REQUIREMENT:
Each line starting at the one that contains "Female chef with" and ending at the one that contains "Decorative honeycomb resin" must be returned exactly, and the rest of the listing is left out.

DATA PROVIDED:

***

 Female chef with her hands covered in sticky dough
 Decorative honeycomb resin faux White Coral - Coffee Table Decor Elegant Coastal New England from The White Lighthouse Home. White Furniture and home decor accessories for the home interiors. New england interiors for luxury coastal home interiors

***

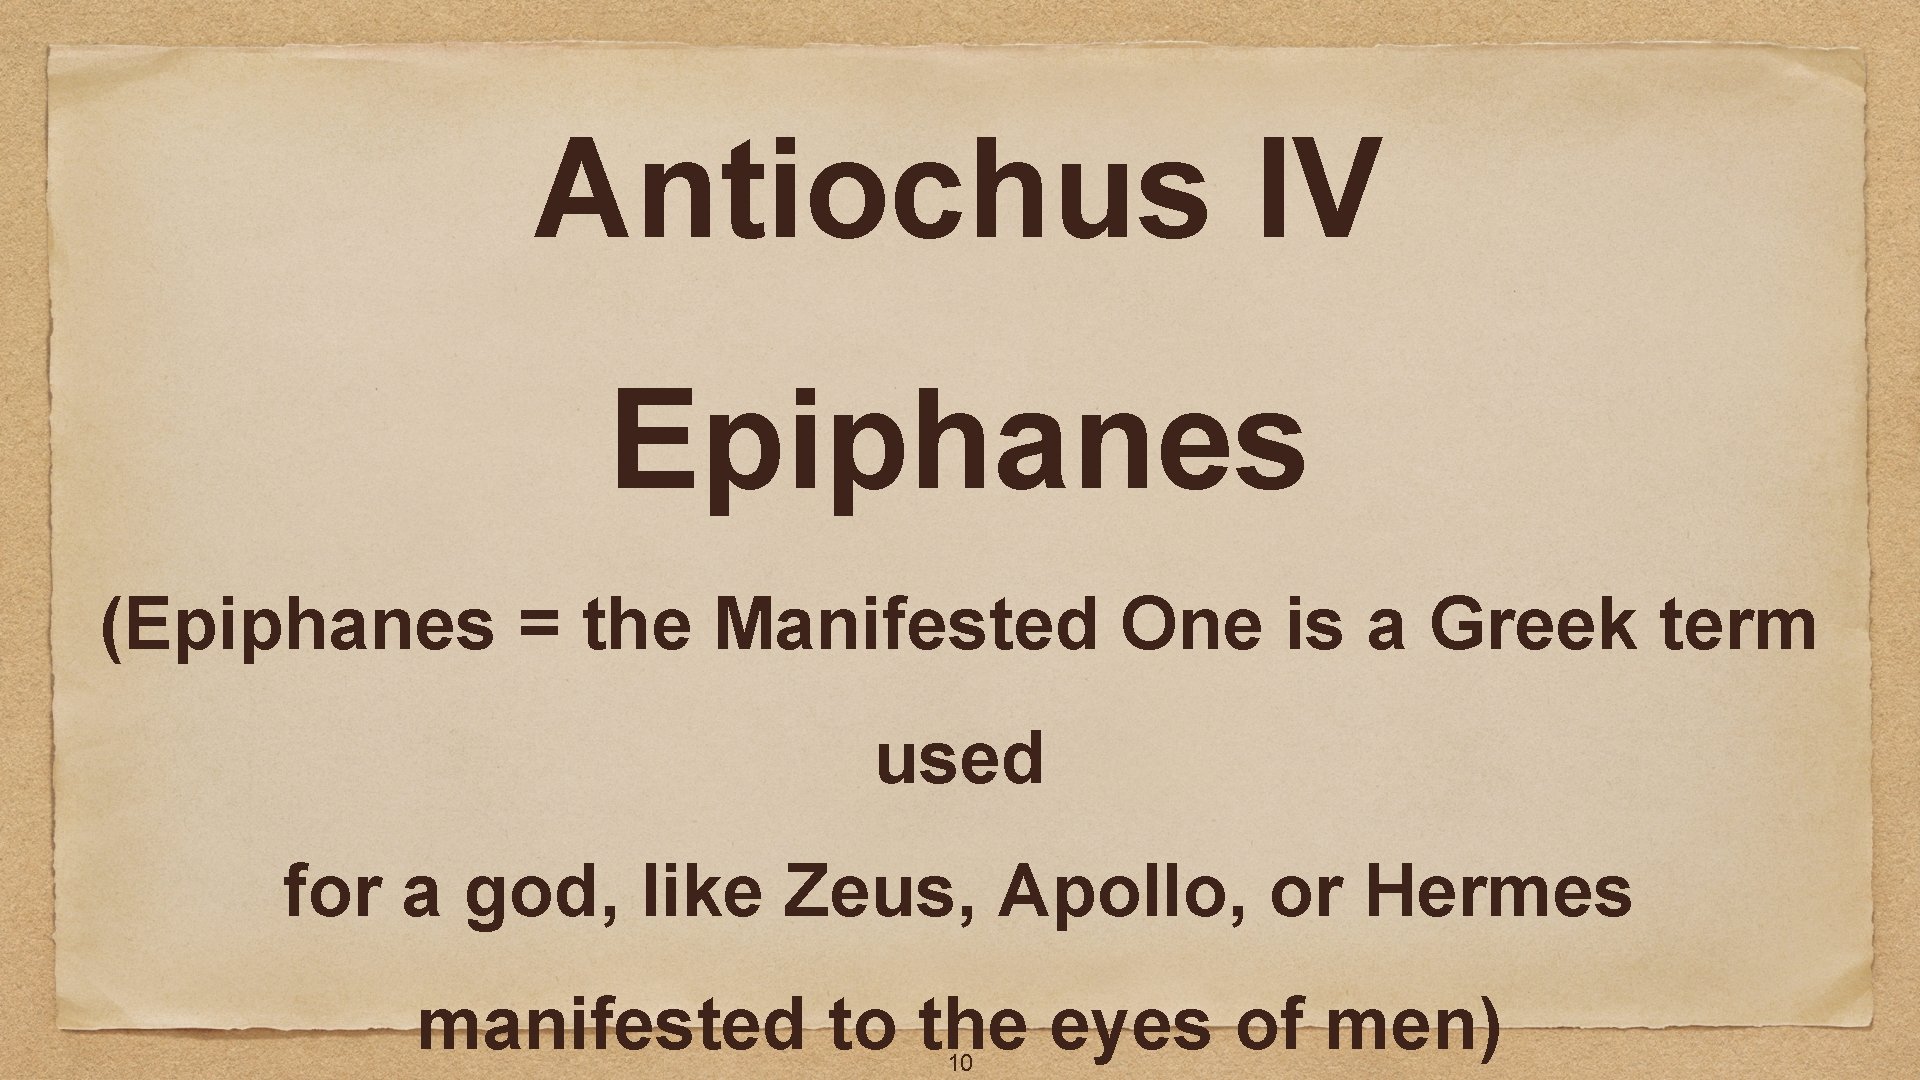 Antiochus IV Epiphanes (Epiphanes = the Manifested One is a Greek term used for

***

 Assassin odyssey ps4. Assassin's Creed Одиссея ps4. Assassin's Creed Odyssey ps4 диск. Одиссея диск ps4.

***

RESPONSE TO THE TASK:
 Female chef with her hands covered in sticky dough
 Decorative honeycomb resin faux White Coral - Coffee Table Decor Elegant Coastal New England from The White Lighthouse Home. White Furniture and home decor accessories for the home interiors. New england interiors for luxury coastal home interiors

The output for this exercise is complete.